> [EXERCISE]: The lines to return run from the one containing "Aalst, East Flanders" through the end of the material; give them exactly and leave out the pictures.

> [DATA EXCERPT]:
--------------------------------------------------
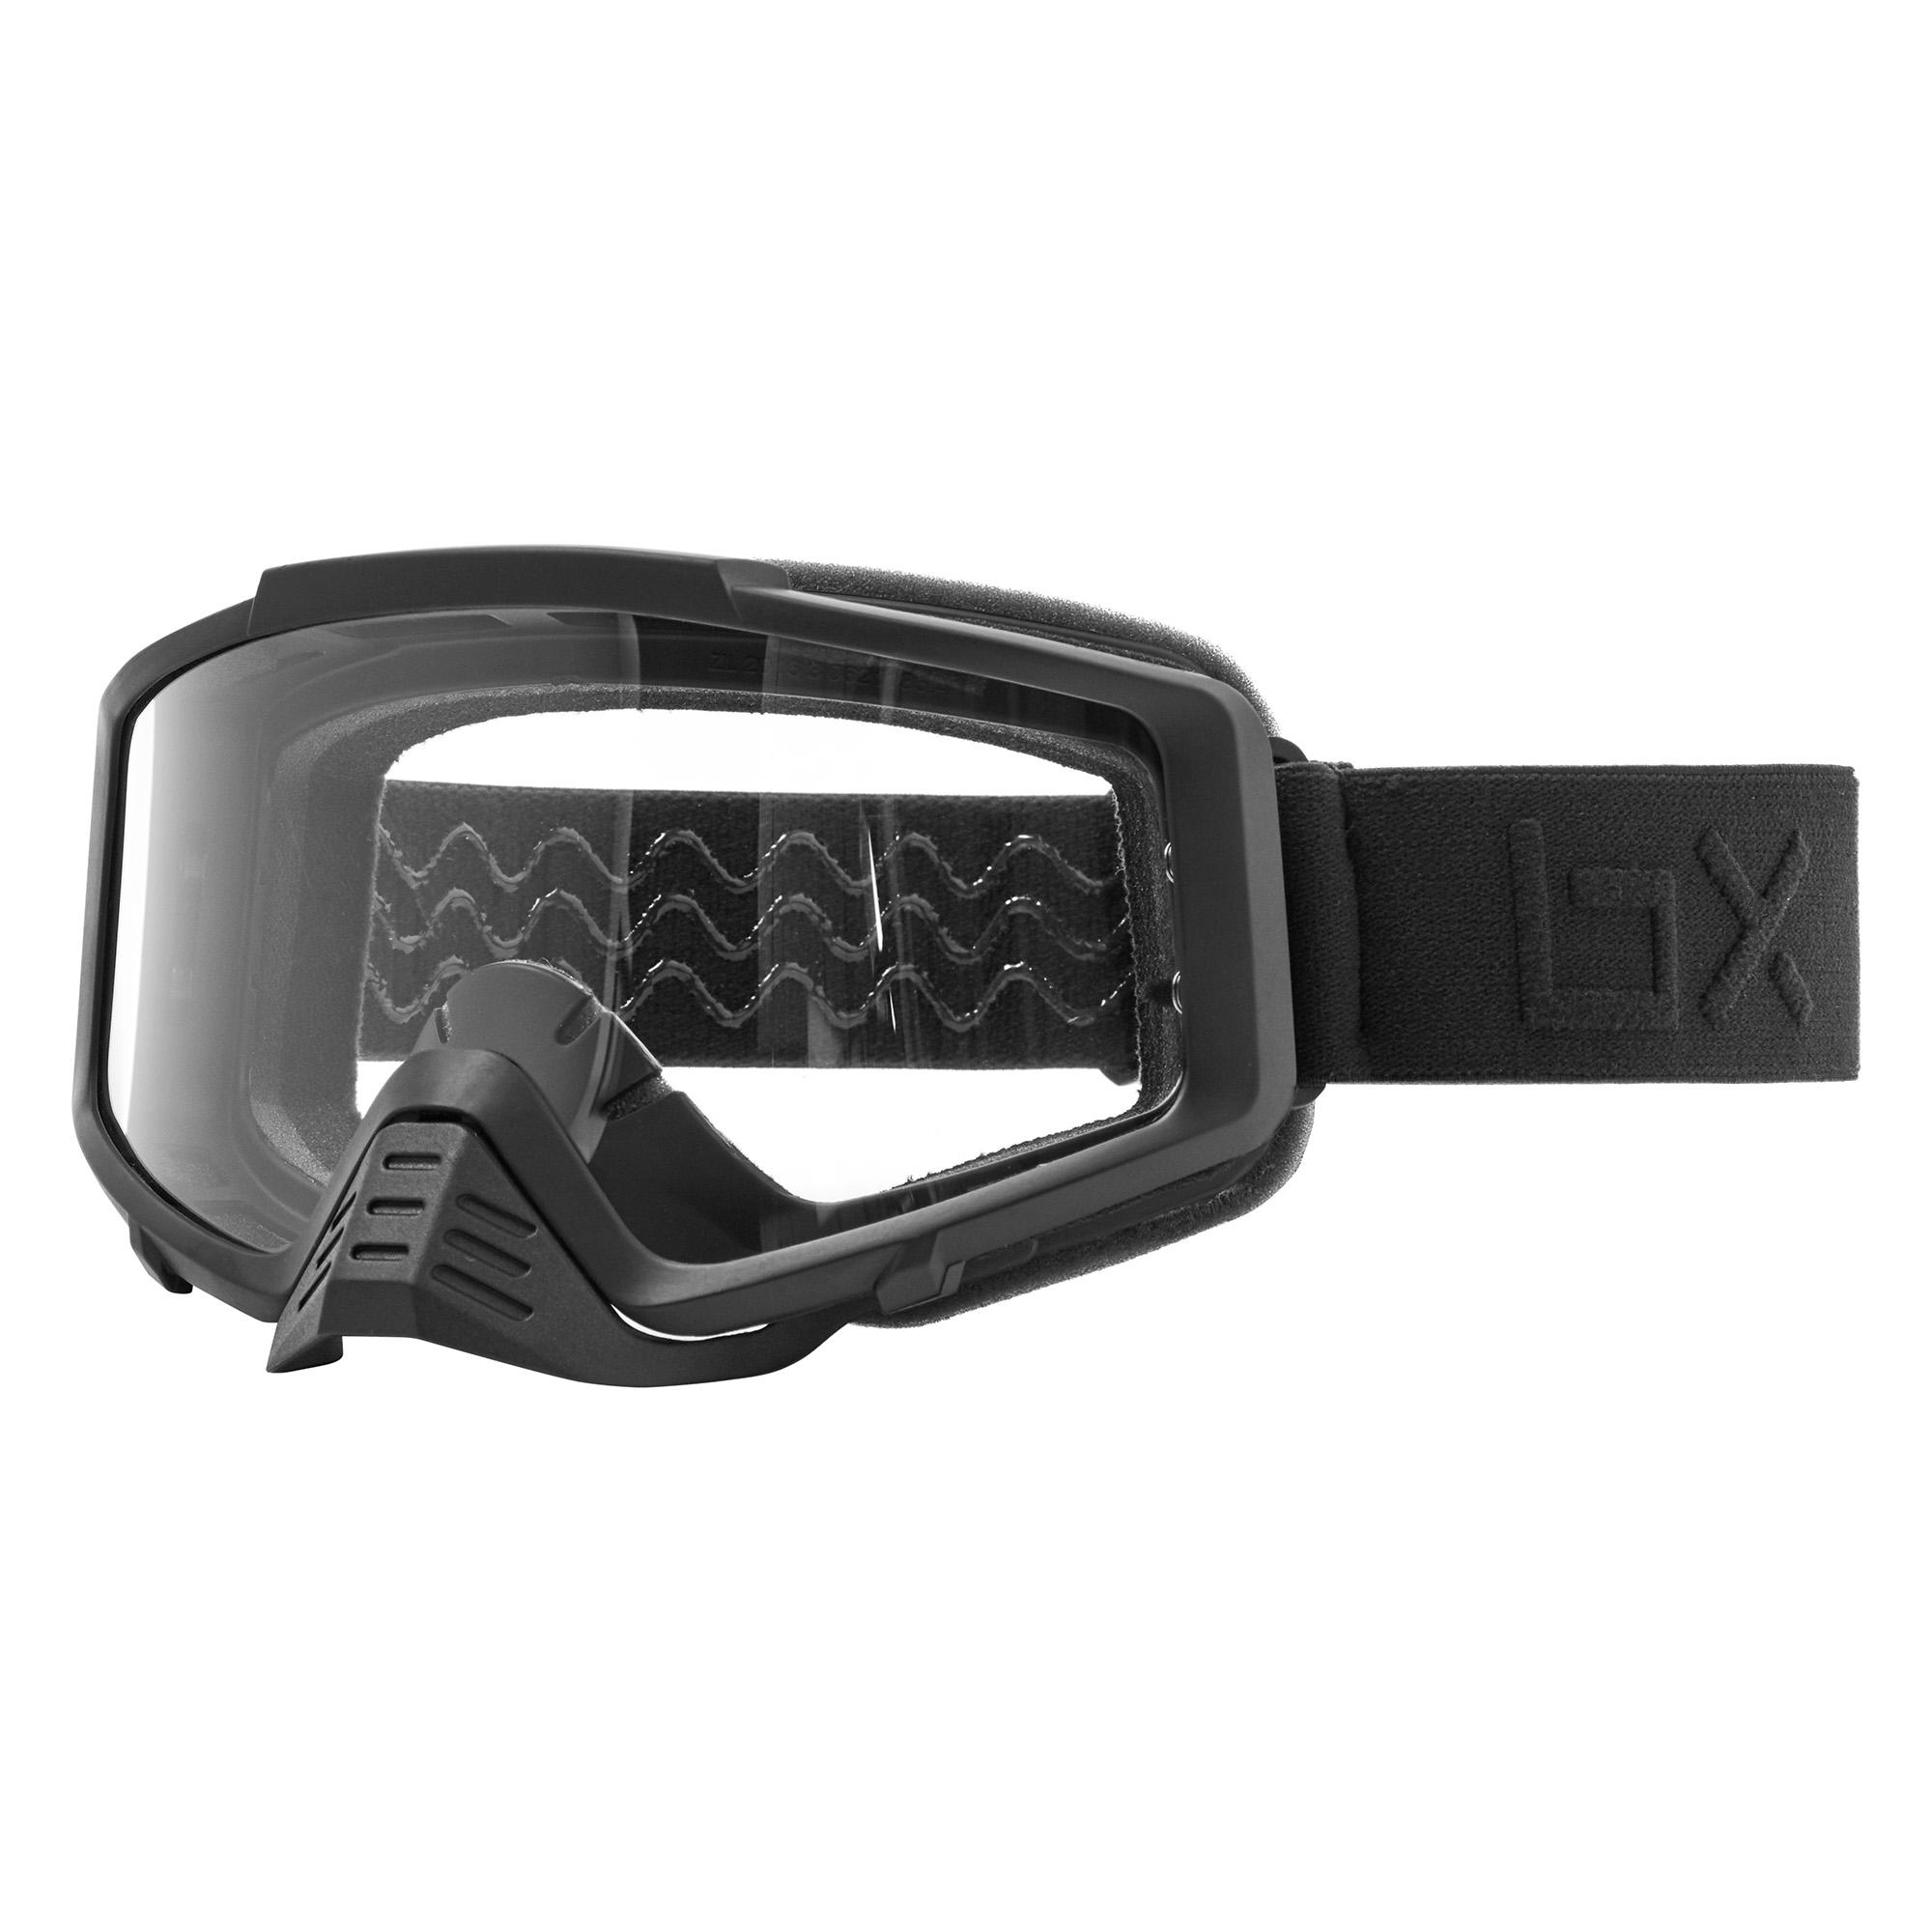 Brand-x G-1 Goggles - Black
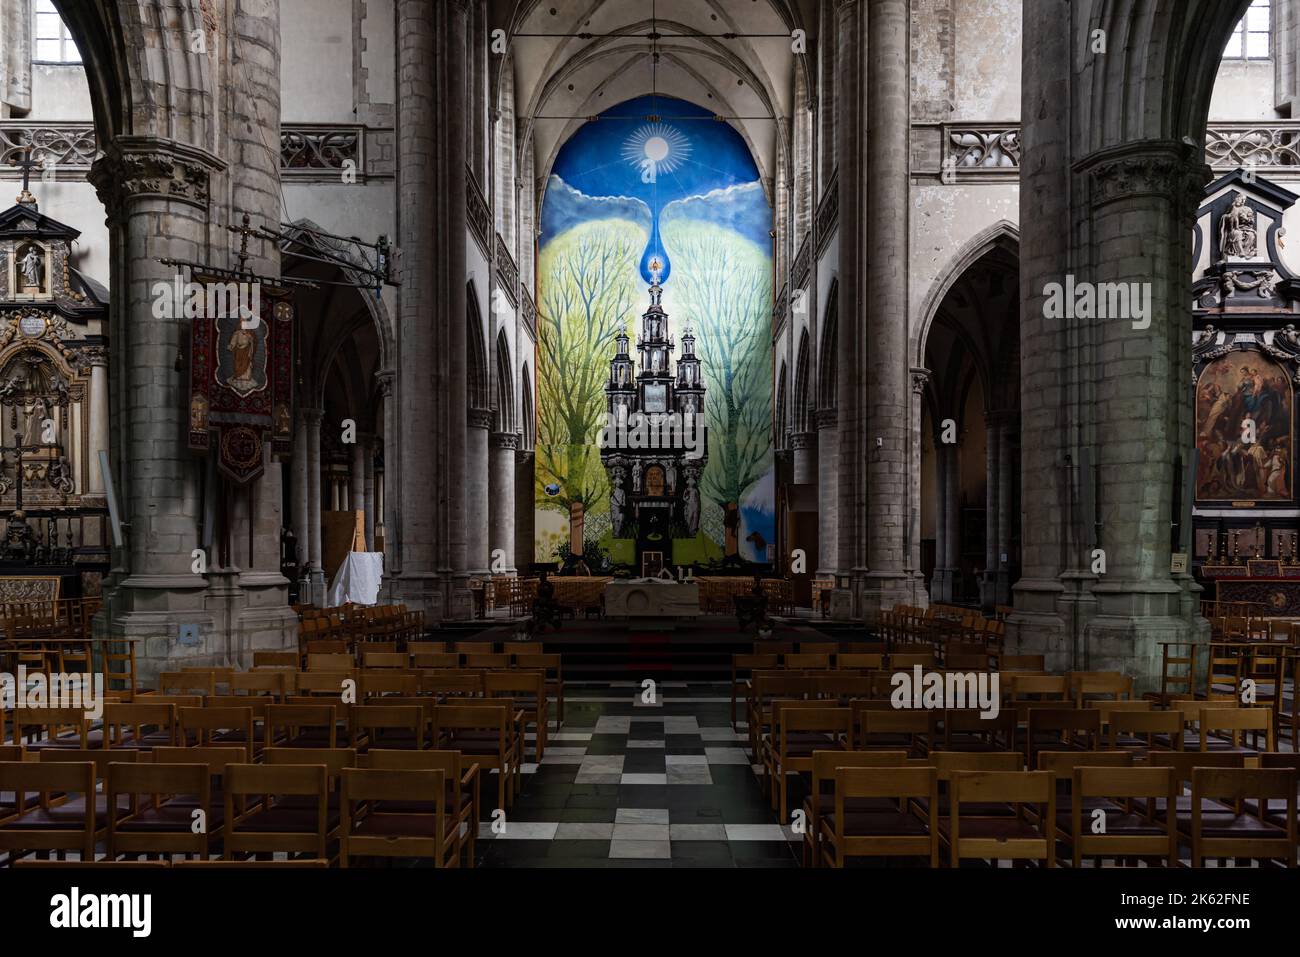 Aalst, East Flanders Region, Belgium - 07 15 2021 - Gothic interior design of the Stock Photo
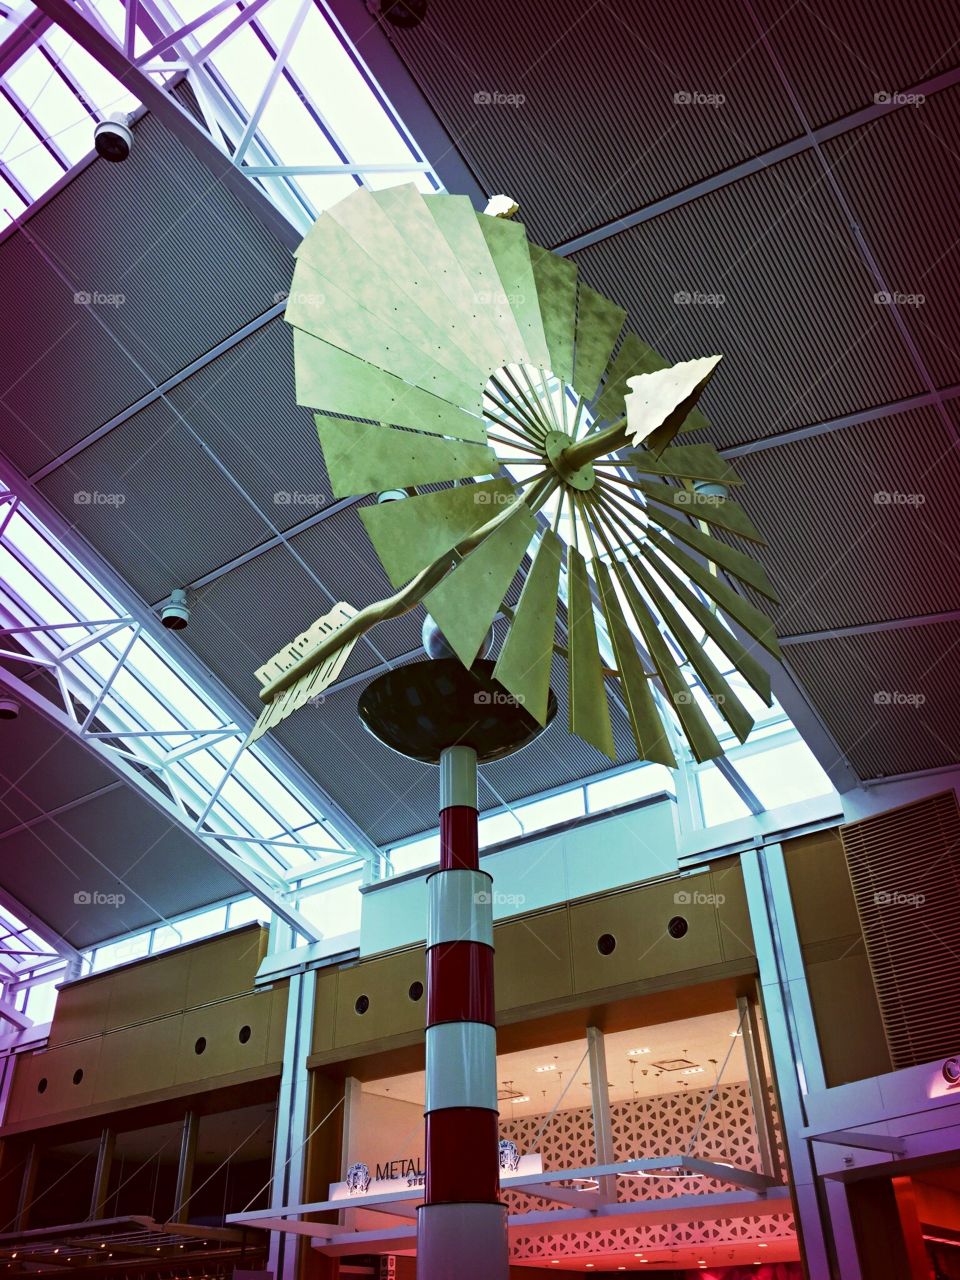 Airport sculpture
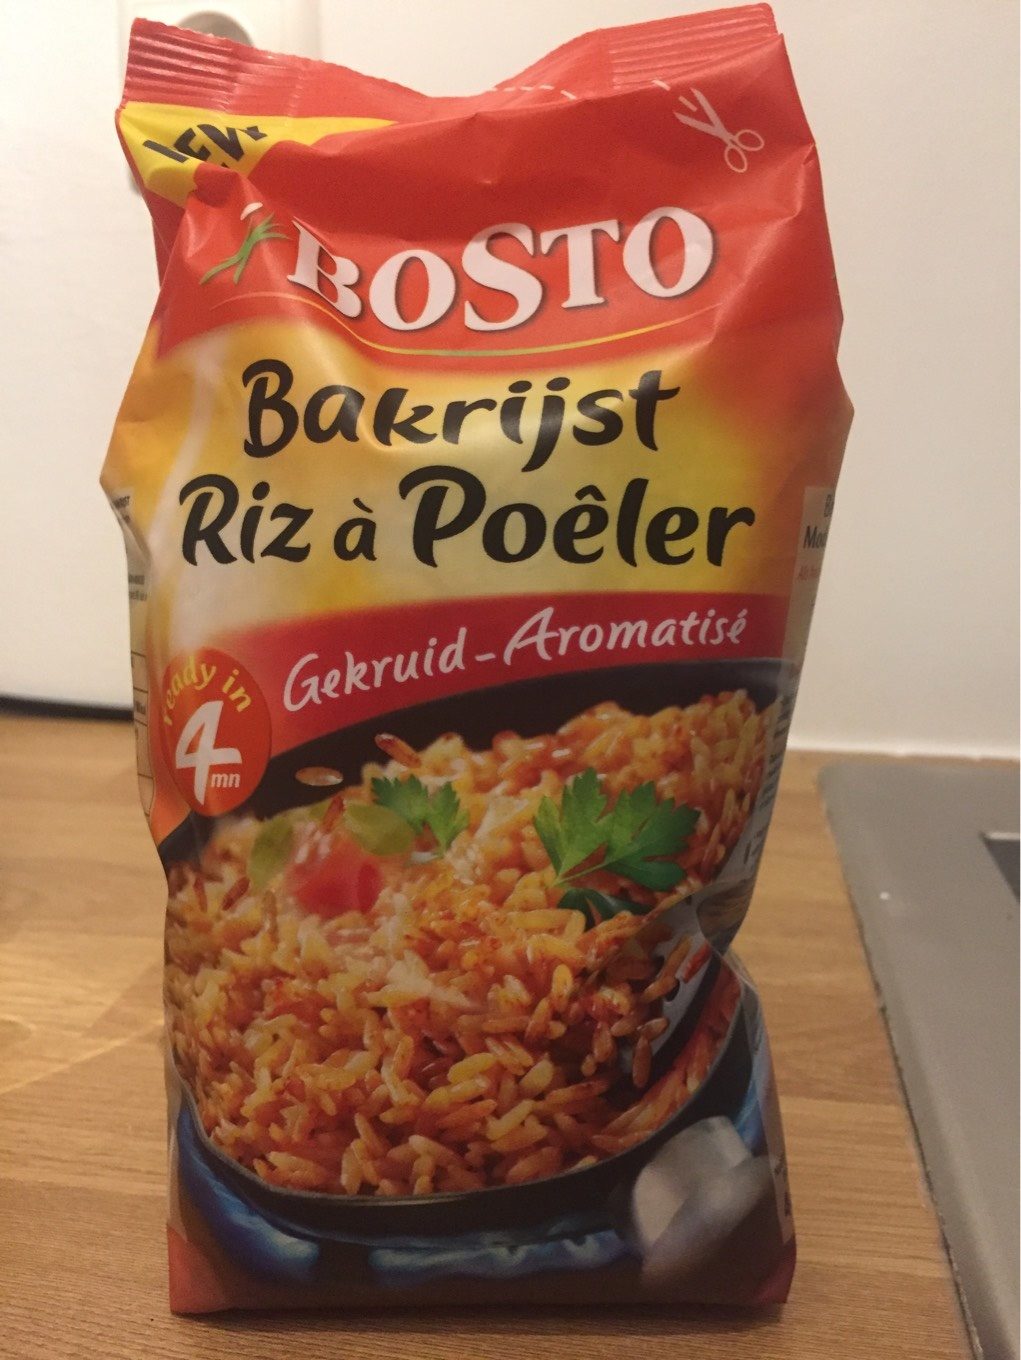 Riz a poeler aromatisé - Product - fr
--------------------------------------------------
> [COMPLETED EXERCISE]:
 Aalst, East Flanders Region, Belgium - 07 15 2021 - Gothic interior design of the Stock Photo
 Airport sculpture
 Riz a poeler aromatisé - Product - fr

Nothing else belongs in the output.